Вот и уроки позади, и я, уже закутанная, высматриваю своего папу. А Ефия – маму. Вот бы наши мама и папа подружились! Мы бы тогда стали сестренками… Эх, мечты, мечты… Но хочется же… И спать вдвоем намного теплее…
К Форпосту
Фанг
Следователи всегда работают в паре, так заведено Синицыными, а они в «Щите» имеют непререкаемый авторитет. Из пар создаются группы, когда это необходимо. Ну и для следователей в паре необходимо взаимопонимание, поэтому в дело могут и гормоны вступить, которых у меня нет. Пара живой-квазиживой, по-моему, вообще эксперимент, но я возражений не имею. Ира – совсем котенок, хотя, конечно, очень взрослая девочка. При этом желание заботиться вызывает, конечно, что, по-моему, совершенно естественно. Она в выпуске живых одна из лучших, что говорит о ней многое.
Сейчас мы сидим за большим круглым столом, рядом со второй парой – суровым Валерой и слегка насмешливой Златой. Как у них все сложится, предсказать невозможно, ну да увидим. Вместо шести разумных в группе у нас четверо основного состава и двое квазиживых экспертов. Это очень правильно – требования к экспертам высоки, а вот творчества и всего того, что есть у следователей, в их специальности нет, поэтому она лучше всего квазиживым и подходит.
– Итак, товарищи, – Линь Петрович, наш куратор, разворачивает карту звездных систем, – у нас с вами, считайте, первое дело. Кхрааги, оказавшиеся квазиживыми, можно сказать, сами запросили группу расследования. Что нам о них известно? Фанг?
– Квазиживая раса, предположительно эволюционировавшая из слуг цивилизации Лин, – докладываю я общеизвестные вещи. – При этом имеются некоторые неувязки: сохраненная привязка к «хозяевам», которая должна была быть заархивирована просто по времени, история аилин Марии, ну и странное поведение контактного лица, отмеченное группой товарища Винокуровой.
– Все так, – товарищ Самоцветов кивком благодарит меня, возвращаясь к карте. – Здесь, на Форпосте, у нас точка встречи. Материнская планета находится ближе к Бете Волопаса, вот она.

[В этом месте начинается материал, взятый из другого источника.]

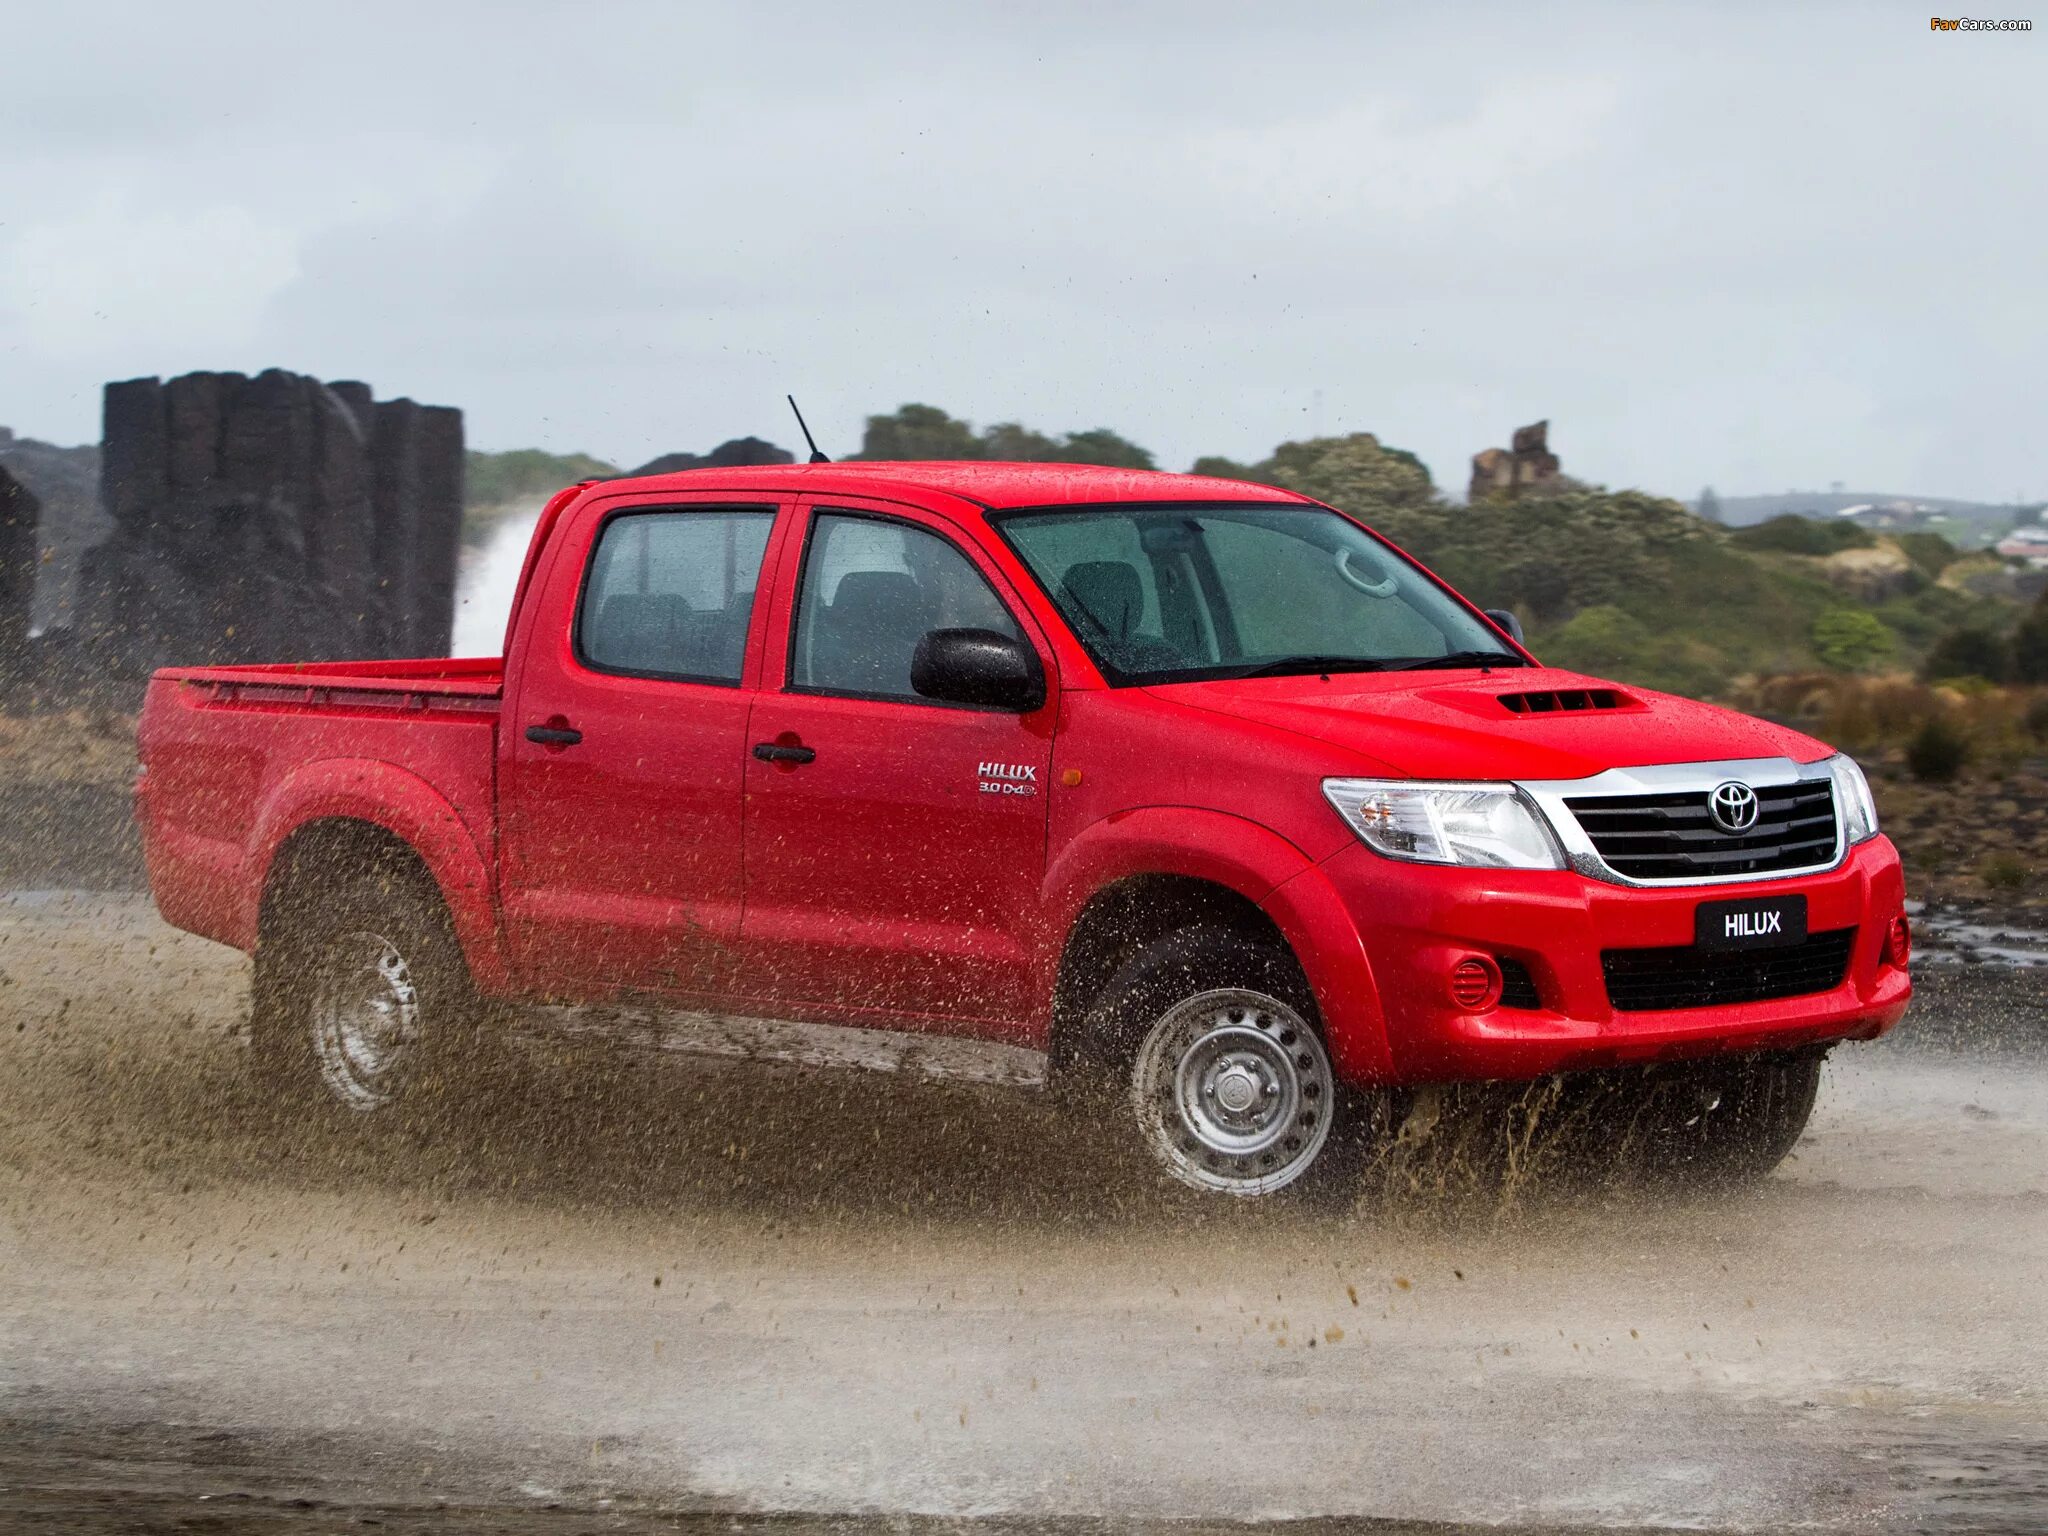 Toyota Hilux 4x4 Double Cab. Red Toyota Hilux. Toyota Hilux 4x4 2014. Hilux Double Cab. Wrong pick up

– Тогда точка первой встречи нелогична, – товарищ Топоров сразу же отмечает странность пересечения маршрутов. – Куда же они летели изначально с ребенком на борту?
– Это нам тоже предстоит выяснить, – вздыхает наш координатор. – Через час мы будем в точке встречи. Хэн перейдет к кхраагам, морфировав под аилин. Оценит реакцию и возможности снятия программы подчинения, остальные ждут до прибытия. Вопросы?
– Нет вопросов, – Валерий кивает, складывая наладонник, – работаем.
Это он прав – вопросов у нас пока никаких быть не может. О расе кхраагов известно многое, но вот о конкретных – почти что ничего. На первый взгляд сходство только внешнее, ибо нет ни воинственности расы, откуда Д’Бол, который сейчас уже Саша, происходит, нет жестокости части самок, при этом внешне просто не отличить, а так не бывает. Или бывает?
Будь они самовозникшими, а не развившимися, тогда, в принципе, объяснялся бы их внешний вид. Но вот конкретные кхрааги – их именно такими создали, такой внешний вид запрограммировали. Я помечаю себе: необходимо выяснить вопросы воспроизводства. Почему они при возможности настройки любого канонического облика все-таки остаются в форме кхраага? Это очень важно. Ну и самый главный мой вопрос: зачем им следователи? Насколько я понимаю, кхрааги сами попросили группу для какой-то помощи, но для какой? На этот вопрос тоже нужно найти ответ, а до тех пор покормить напарницу.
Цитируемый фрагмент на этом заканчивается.